A detailed three-dimensional solid model of the full cervical spine (C1-C7 levels) and the finite element analysis method were used to investigate the extent of changes in various biomechanical properties brought about when surgical methods are used to treat condition(s) caused by or are a sequela of disc degeneration disease at the C5-C6 level. The surgical methods simulated were anterior cervical discectomy and fusion, with interbody fusion achieved using a notional brick-shaped graft only; anterior cervical discectomy alone; percutaneous nucleotomy; and three variants of nucleus replacement. The control case was a model of an intact, healthy, adult spine.

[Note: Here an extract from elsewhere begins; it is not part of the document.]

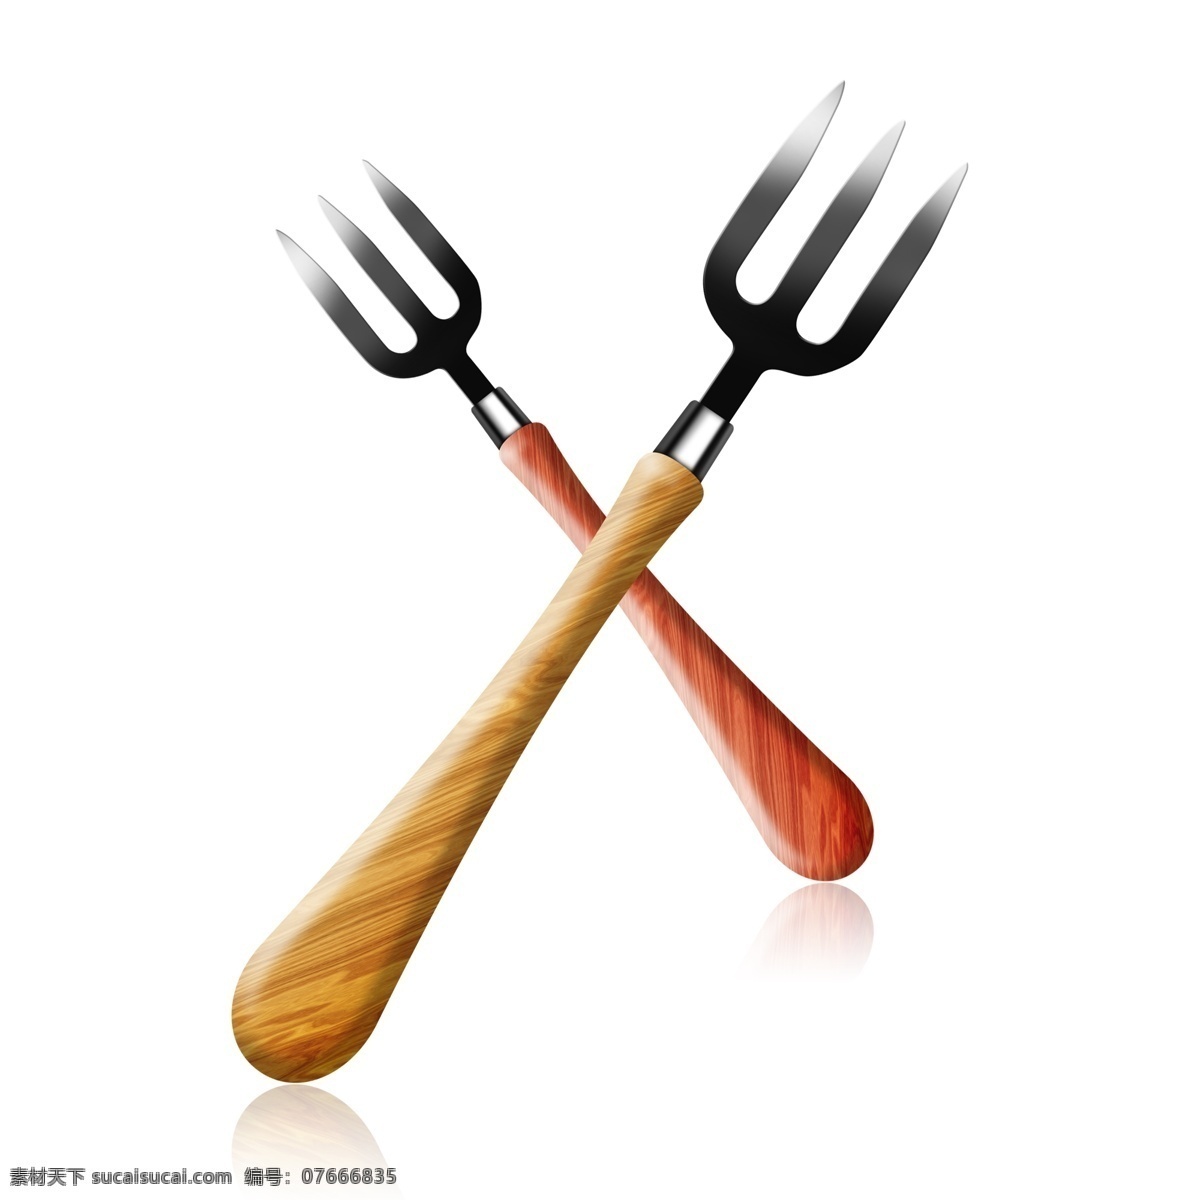 生活用品 叉子 效果 图案 商用 餐具 刀叉 吃饭 木叉子

Each of these seven models was subjected to (1) flexion moment, extension moment, left lateral bending moment, right lateral bending moment, clockwise-acting axial rotation moment, and counterclockwise-acting axial rotation moment, with a compression pre-load applied simultaneously with each of these loadings and (2) an axial compression force (applied as a uniform pressure) only. For each combination of model and applied loading, the maximum von Mises stress and the maximum strain energy density were determined for tissues at the treated level, at one level above the treated level, and at one level below the treated level and (2) the total principal rotation angles at each of the intersegmental positions of the entire model. In addition, for each of the study cases, we obtained the longitudinal displacement of each of the models when subjected to the axial compression force only. We found markedly fewer changes (relative to the results when the intact, healthy spine model was used) in each of the above-mentioned biomechanical parameters above a specified threshold in the case of the simulated percutaneous nucleotomy and simulated nucleus replacement models, on one hand, compared to the simulated fusion and simulated discectomy models, on the other. This finding is in consonance with the evolving clinical practice of using minimally invasive surgical methods for treating problem(s) such as soft cervical disc herniations. Copyright 2010 IPEM. Published by Elsevier Ltd. All rights reserved.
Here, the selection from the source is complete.